* _EXERCISE_
Two lines in the data below mark the range: the one with "Method for synthesizing veratraldehyde" and the one with "tribal fire lion 21647998". Return both, along with every line between them, exactly.

* _EXERCISE MATERIAL_
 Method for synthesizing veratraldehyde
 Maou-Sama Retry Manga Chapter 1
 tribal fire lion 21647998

==

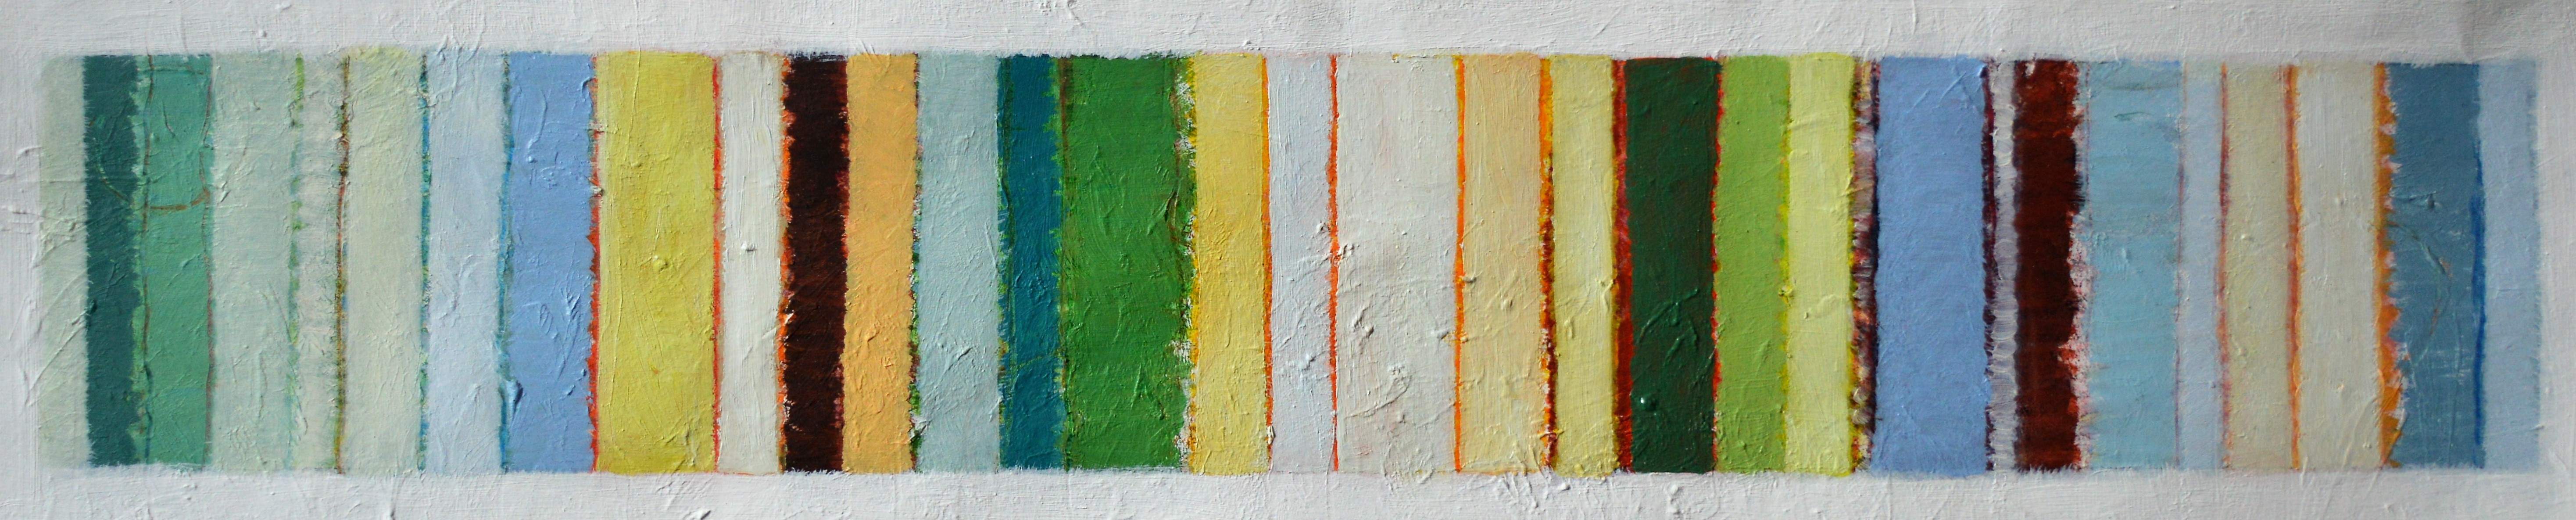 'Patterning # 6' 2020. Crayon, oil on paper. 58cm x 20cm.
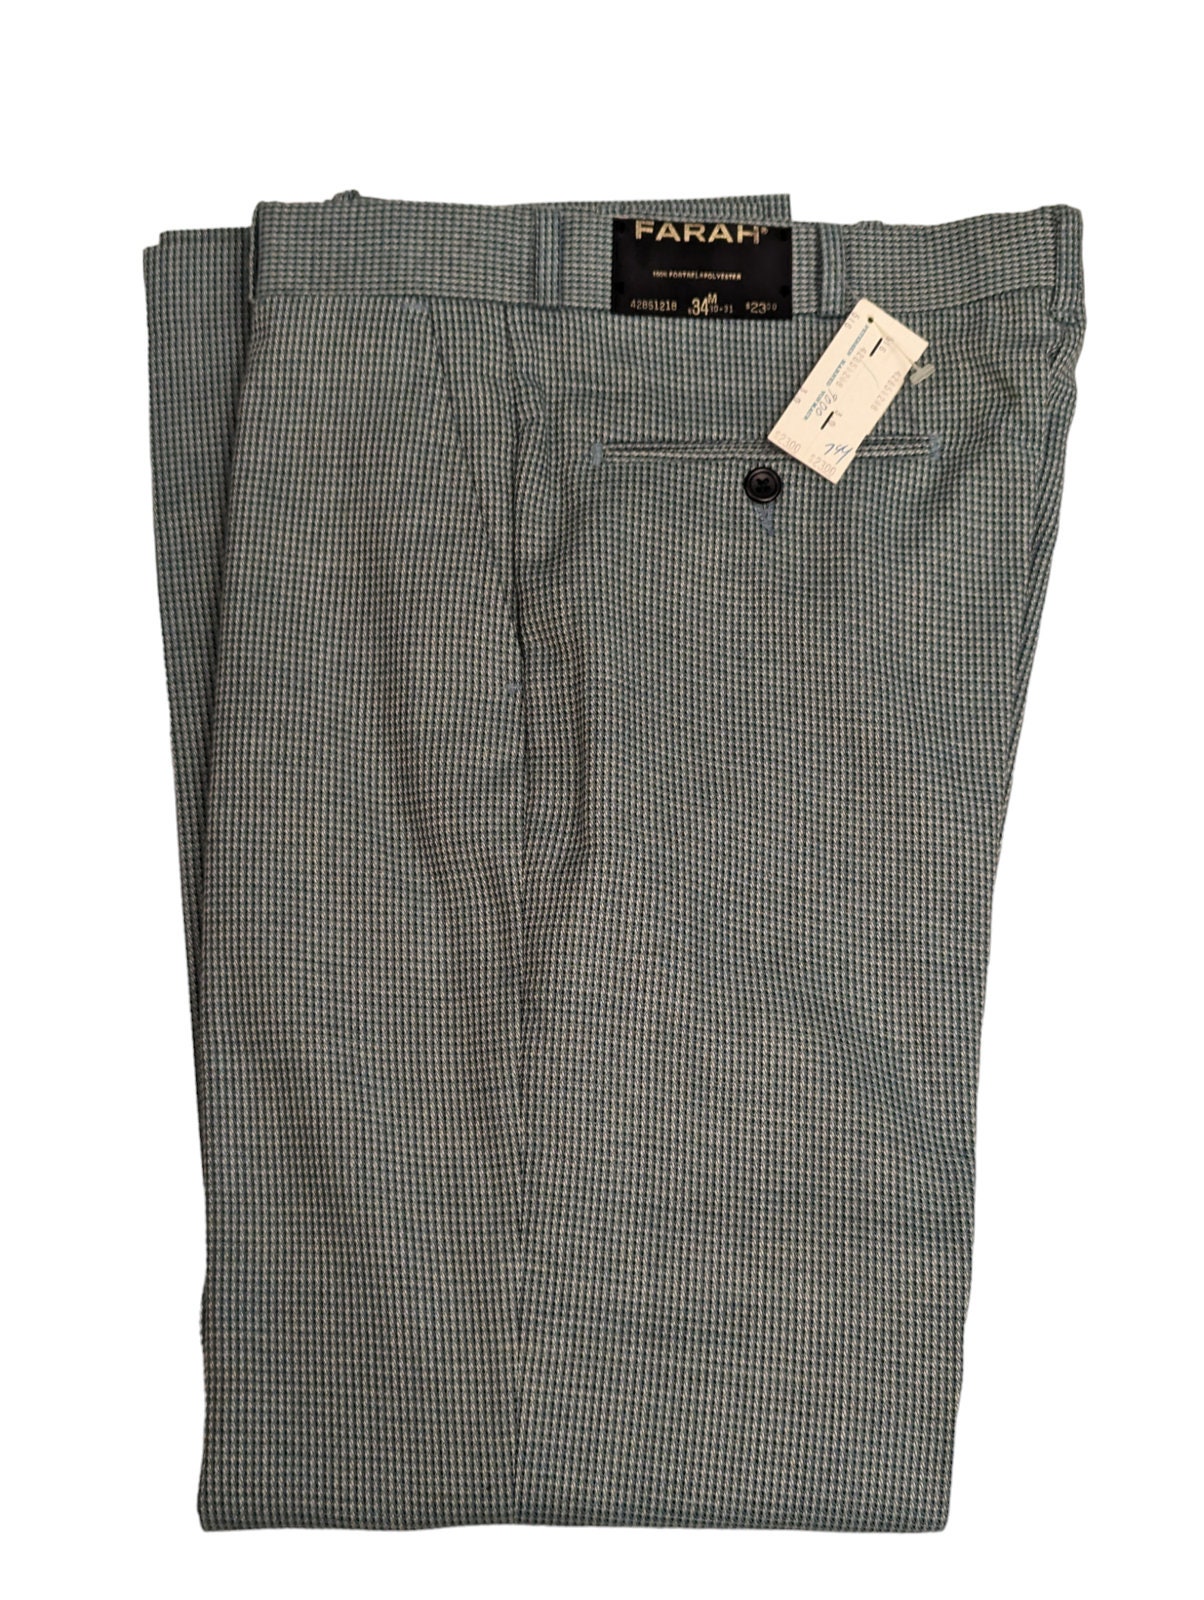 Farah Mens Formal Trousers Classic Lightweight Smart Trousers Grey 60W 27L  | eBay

* _EXERCISE OUTPUT_
 Method for synthesizing veratraldehyde
 Maou-Sama Retry Manga Chapter 1
 tribal fire lion 21647998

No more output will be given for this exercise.